Ordinary Human Language

by Brian Crane

The Life and Times of Michael K

This novel reminded me of Cormac McCarthy’s The Road. Both are about a man stripped down to basics by apocalypse. The apocalypse forces a renunciation of what we think of as ordinary life and raises the question of what we really need to be true to ourselves or perhaps good or maybe (?) happy or content. There are big differences between the two but this core similarity remains.

My sense of the book’s stance: mankind is unable to let go of what destroys him and what makes him miserable. So he is destroyed and must learn to live without anything. The life he finds appears meagre and horrific. (A point-of-view switch in the second part makes that clear brilliantly. It also suggests how little do-gooderism is worth when fundamentals are wrong.) But that horrific life is at least his and seems…

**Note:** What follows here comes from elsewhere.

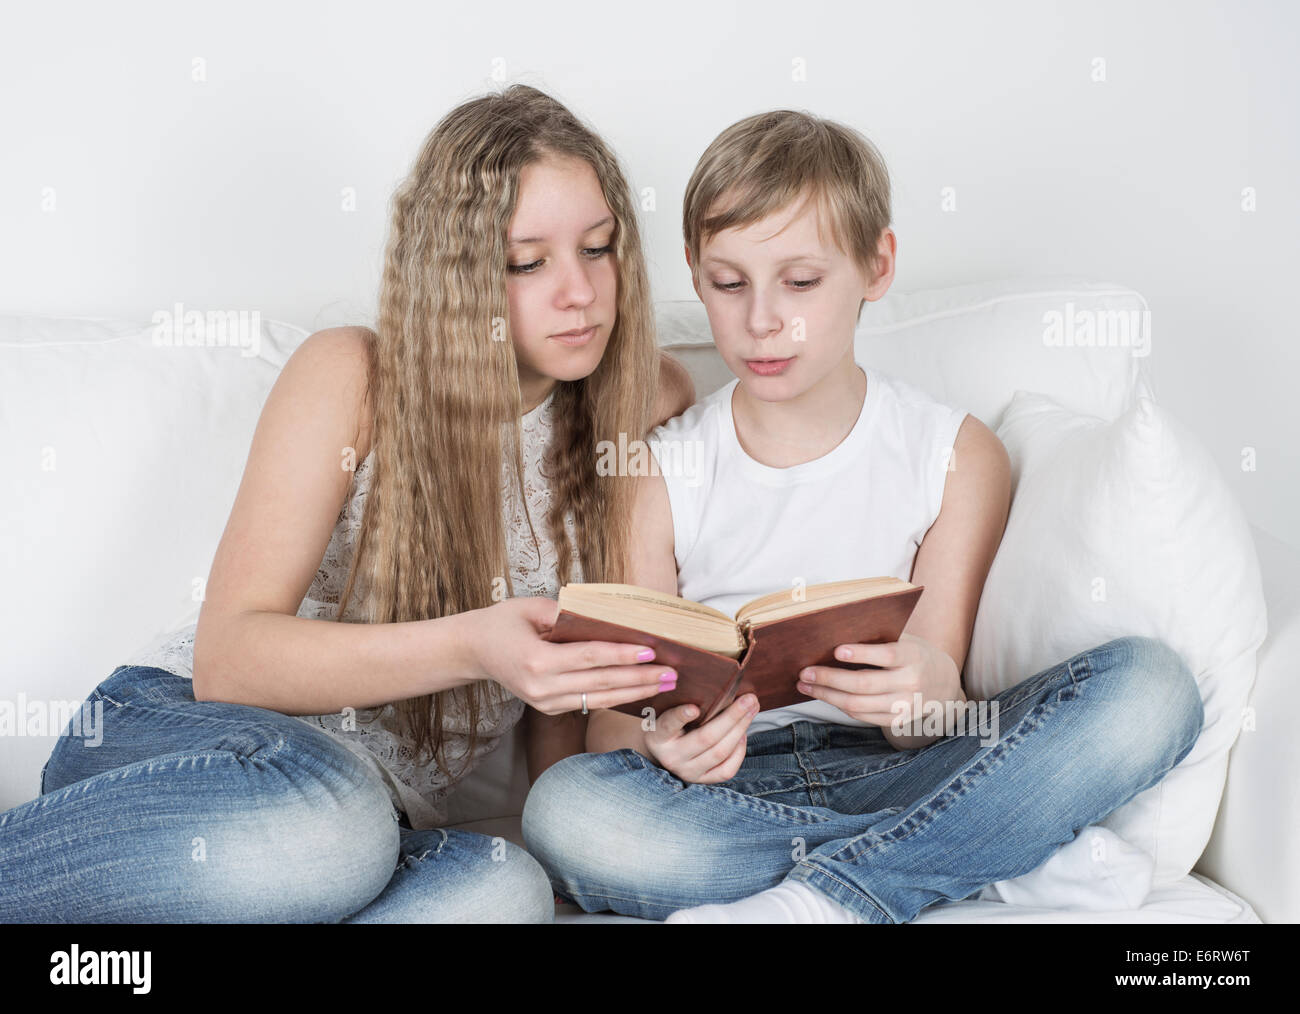 Читал с сестрой читал с ней. Сестра читает уроки. Мальчик и девочка сидят вместе читая книгу.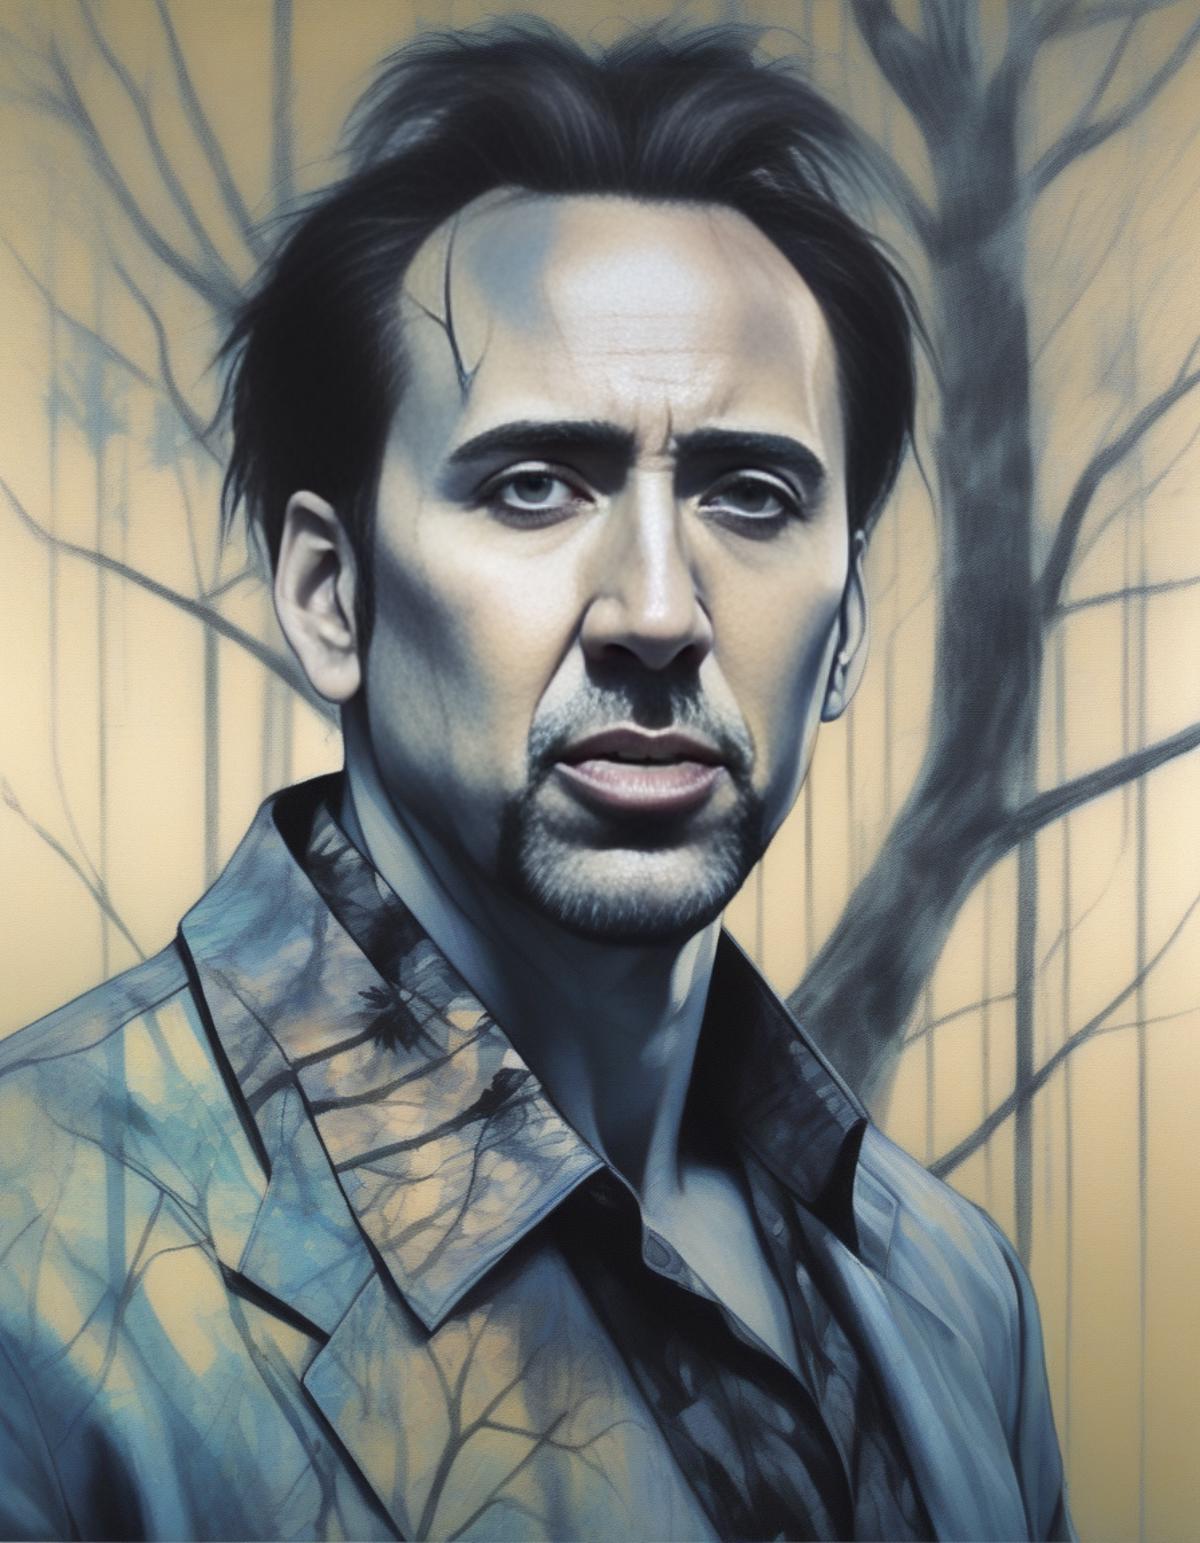 Nicolas Cage SDXL LoRA (Made by parar20) image by MassBrainImpact

Well, it’s hard to say, because I read from the position of the do-gooder in the second section. I can’t make myself write “his horrific life satisfies him” or that “it is sufficient” or whatever. In fact, the book makes it difficult to make any judgement about the protagonist or his state. He moves through the tale, a cypher, who shows the world and people around him for what they are, good or bad. What he is, I’m not sure. I do know that he doesn’t want or expect to die though. He’s alive at the novel’s close and the last word of the book is the verb “live.”

This book is digging for an image of the life that is real life, trying to figure out what it might be, but most clearly it shows that people dying in a dead system of violence and war can (and will) look at real life and mistake it for dying. Seems complicated and it is. But a very good book.

Foolish question: I know so little of modern South African history that I can’t tell if the historical events framing this story are imagined à The Road or history presented obliquely with the assumption that the reader can supply the decoder key.